Of course, you could just slap some polka dots or flowers on that DIY piggy bank and call it a day, but it takes very little effort to transform a porky financier into Dr. McSwine or Nurse Hogg. Here's how:
- Using a damp sponge and the light pink acrylic paint, give the front half of your piggy bank, all four feet and that curly tail a nice coat. Let it dry. Give it a second coat if the plastic or ceramic is showing through. Let dry.
- Using a damp sponge and the green paint - preferably a shade that mimics hospital scrubs - paint the back third, using a brush to get around the pink curly tail and rear feet. Let dry.
- Using the sponge and the white paint, cover the middle third and bring it around to the front, under the pig's, you know, chinny-chin-chin. This is the base for the lab coat, so don't worry too much about details and edges. Let it dry. Now, using the brush, go over the white base coat again so it frames the pig's face, almost meets under the chin, and splits just above the tail, the way a lab coat would. Make sure the edges are crisp. Paint the eyes white. Let everything dry.
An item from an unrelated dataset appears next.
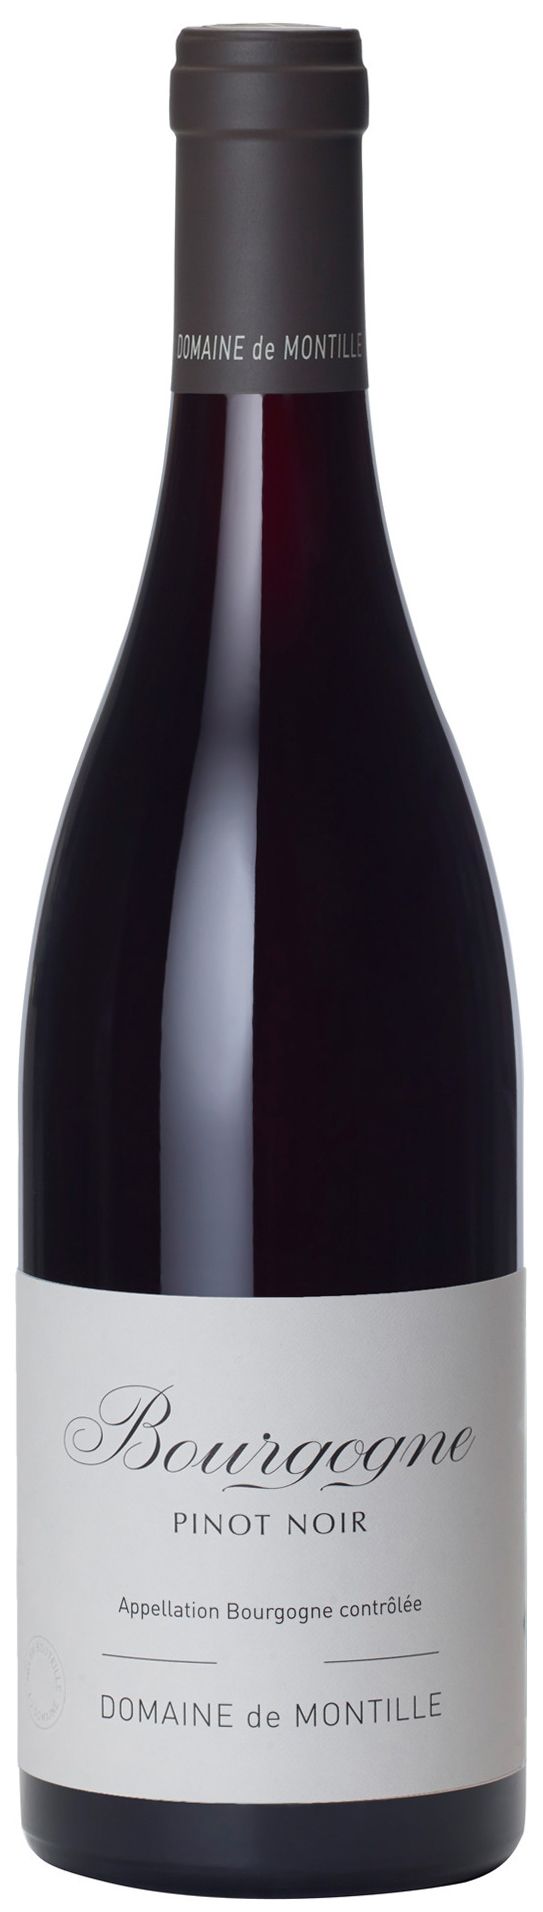 Domaine De Montille, Bourgogne Pinot Noir, 2014

- Using the brush and the green paint, add a dab under the chin, so the "scrubs" peek through the front of the lab coat.
- Now add details with that Sharpie pen: a lab coat needs buttons and a collar.
- Using the darker pink paint, give the pig rosy cheeks and a rosy nose. You can use the same paint to add definition to the ears too, and the tongue, if your particular bank has one.
- Using the brush and the blue (or other eye color) paint, add irises to the eyes. When they're completely dry, add black dots for the pupils.
- When the paint is completely dry, you can shellac or glaze the whole thing to make it shiny, if you wish. Or just add drops of glaze to the eyes to give them a little sheen. Be careful, though, or the glaze will run down like the tears of a med student with excessive student loans.
- Now add props. You can find small stethoscopes and doctor's bags in sticker-form, raid your kid's old toy box for mini-versions or - much easier! - find images of those props online and print them on card stock. Trim them closely, then use the craft glue or hot glue to attach them to Dr. McSwine's side.